2.2. Removal of Protein Template
Once the polymerization process is complete, the next step of template removal is needed to free the imprinted sites and enable the rebinding of target molecules. Large templates and the highly cross-linked polymer matrix of MIP have a joint negative effect on releasing a template molecule [3,85]. Unsuccessful template removal leads to so-called “template leakage” or “template bleeding”, which can contribute to false-positive signals in molecular target detection [86]. The crucial role of template removal is unique within affinity sensing and complicates the general applicability of MIPs [2,87]. In the absence of a universal method (each target molecule requires some specific conditions), various chemical and physical treatments (or combinations thereof) have been proposed to remove the protein template from the polymeric network, including changing the pH or ionic strength, elevated temperature, detergents, electrode potential, or ultrasound [2,88,89,90]. Proteolytic digestion is particularly favorable for template removal under mild conditions. However, it must be considered that protein fragments may be tightly bound to the MIP [91]. Therefore, compromises must be made between the efficiency of template removal and the integrity of the polymer [2].
2.3. Heterogeneity of Imprinted Sites
Conventional bulk imprinting, especially concerning protein imprinting, faces numerous challenges, including the high proportion of non-specific binding in the MIP. This heterogeneity of binding sites in bulk MIP is related to the random orientation of the template–monomer complex in a polymeric network, variations in the way the template is complexed, and even the presence of template–template interactions [3,92,93], as was observed in the dimerization of anaesthetic bupivacaine due to the formation of hydrogen bonds [93]. The relatively large surface area of MIPs compared with the number of high-affinity sites can lead to direct non-specific binding between the template and interfering molecules, which often hinders the suitability of MIPs in sensing applications [3].

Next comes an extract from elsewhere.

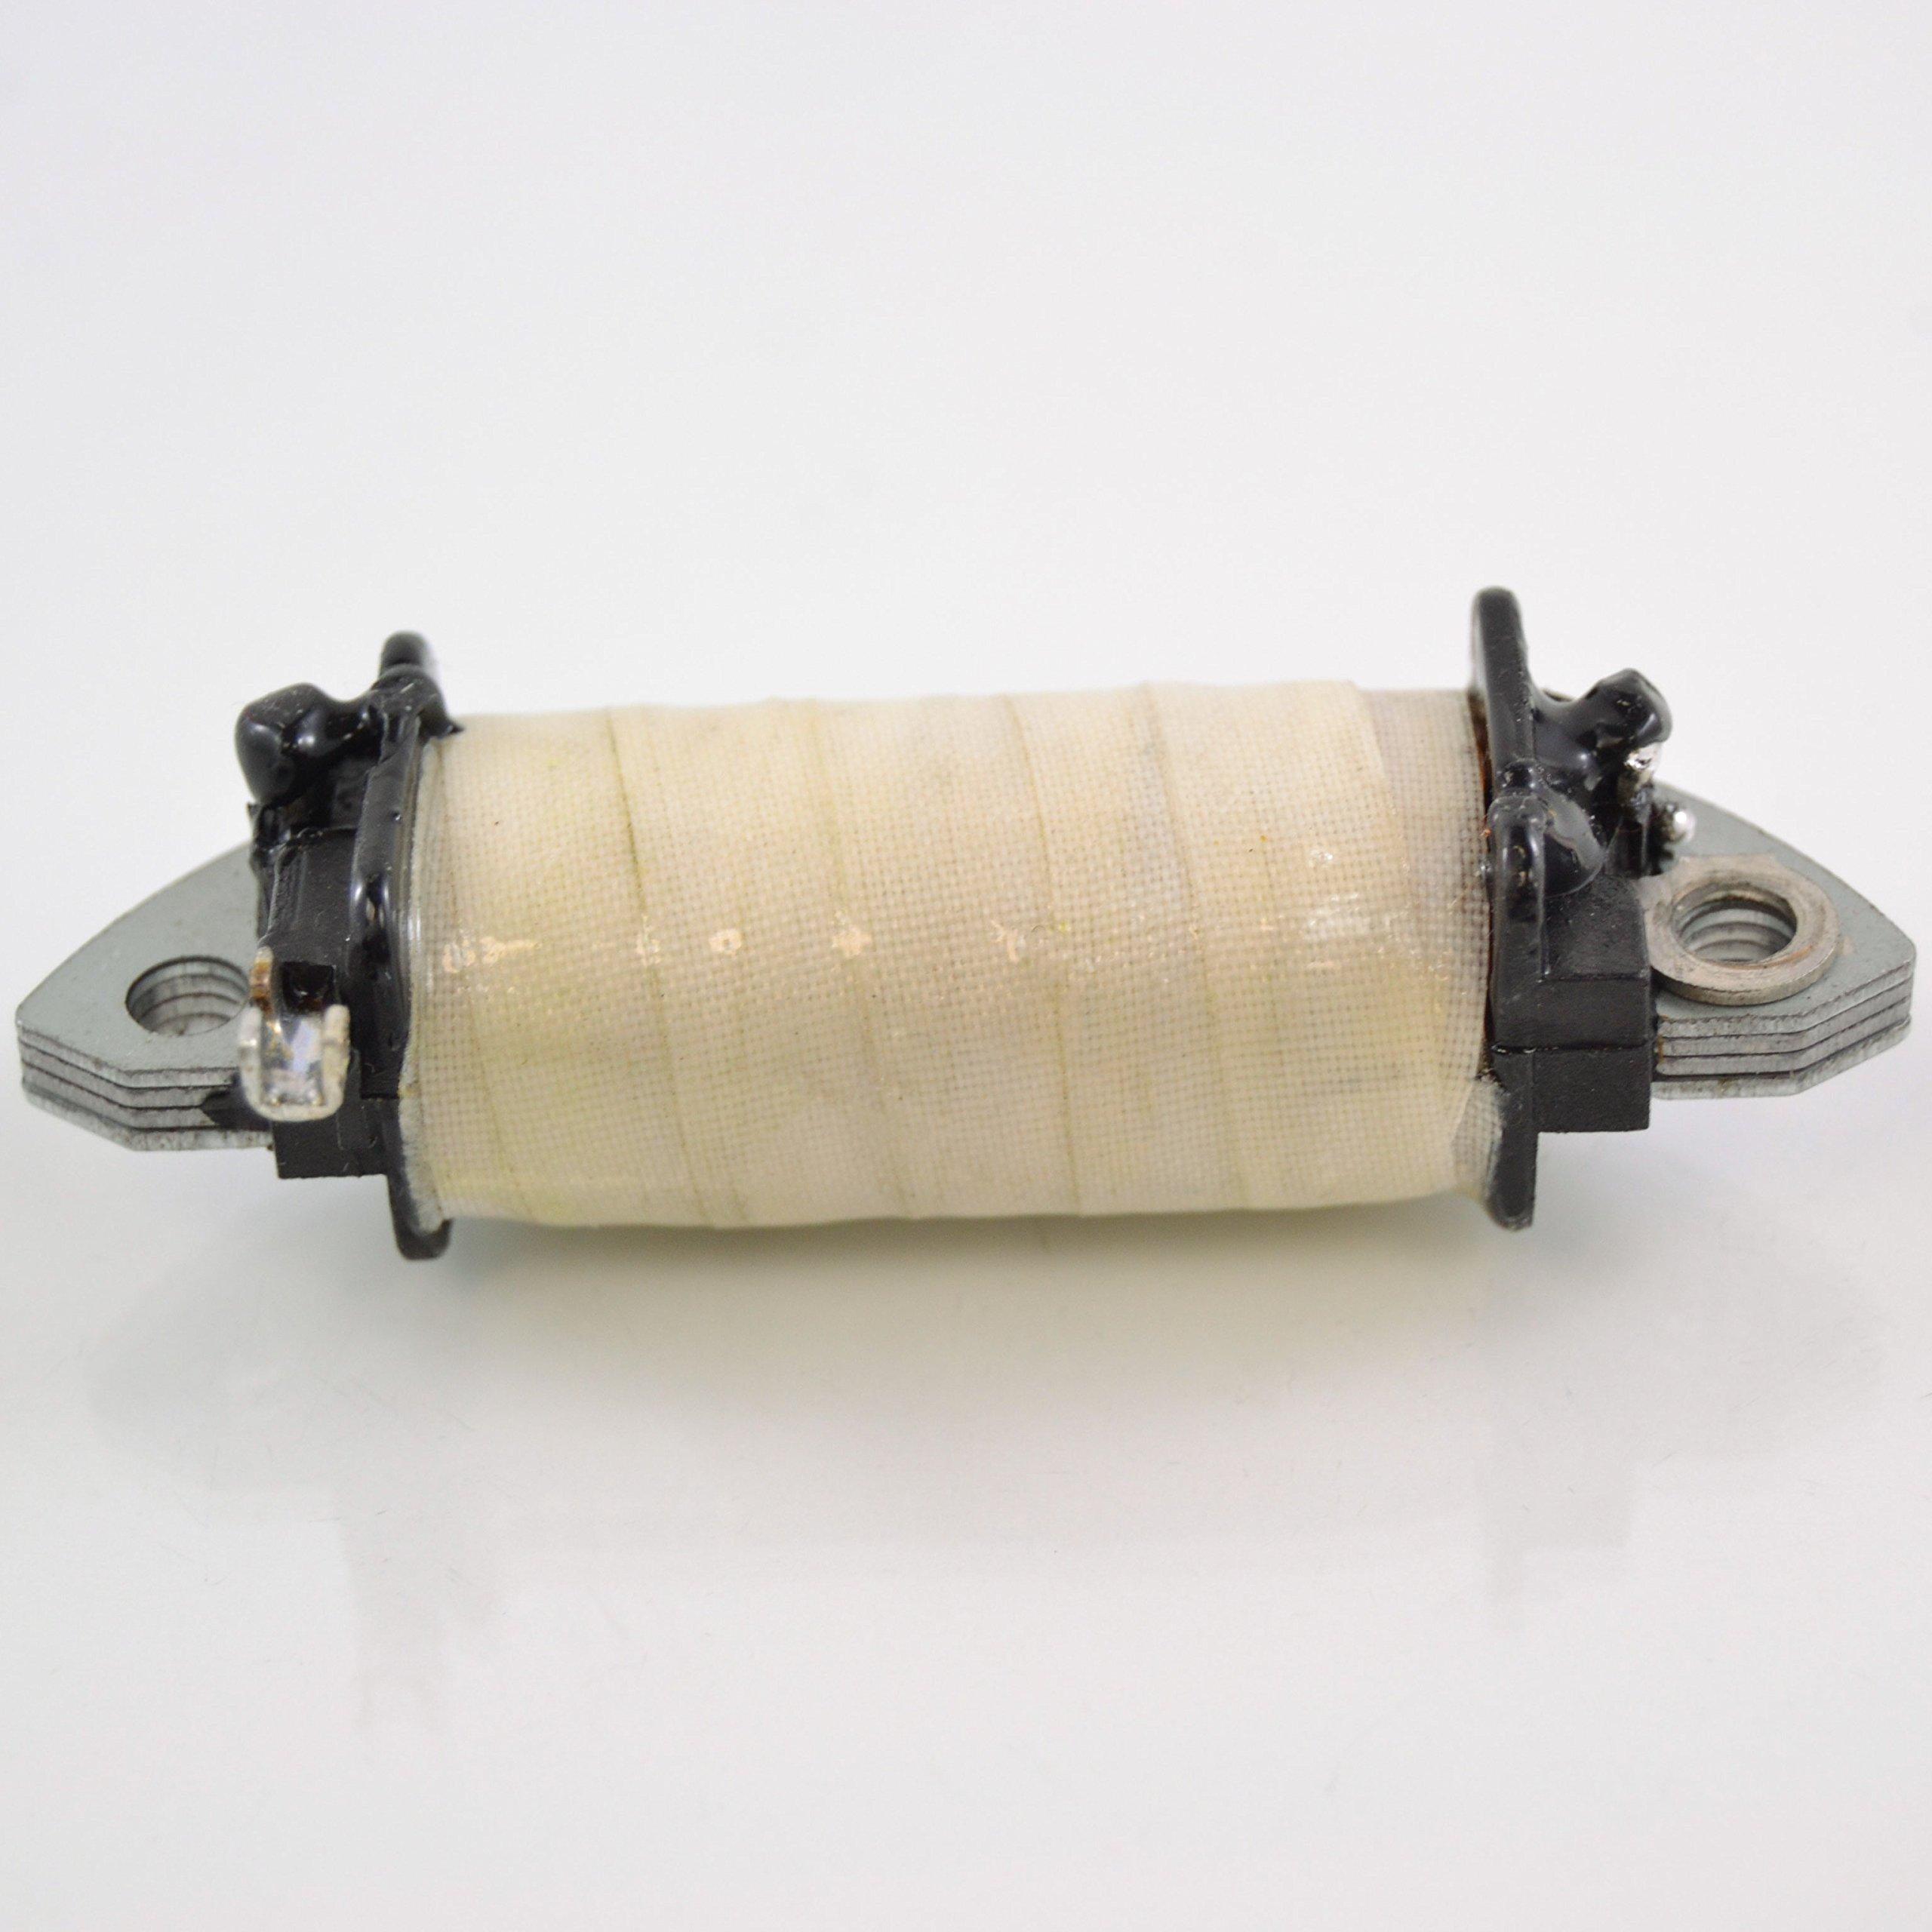 Ignition Source Coil For Honda ATC 185 ATC 200 ATC 250 1980 1981 1982 1983 1984 1985 OEM Repl.# 31120-961-004

To avoid the non-selectivity of the imprinted sites, it is necessary to select suitable functional monomers as the building block for the desired template. Strong interactions are required to form a stable template–monomer complex that can withstand the “harsh” conditions of polymerization and give good quality imprinted sites in the case of small organic templates. On the other hand, the interaction must not be too strong since using charged monomers to obtain a strong monomer–template interaction can lead to an undesirable effect, namely, a very high degree of non-specific binding. These monomers are randomly distributed over the surface of the polymer and in imprinting sites, resulting in a net negative or positive charge that can interact non-specifically with all species of the opposite charge. This problem can be solved by finding an optimal ratio between monomers and template molecules, which can be in silico determined using computer simulations [3,8,60,93,94]. Finally, in the case of protein imprinting, monomers with strong monomer–template interactions are not advisable because they can lead to many weak bonds between protein functional groups and neutral monomers, i.e., acrylamide, weak acids or bases [3,60].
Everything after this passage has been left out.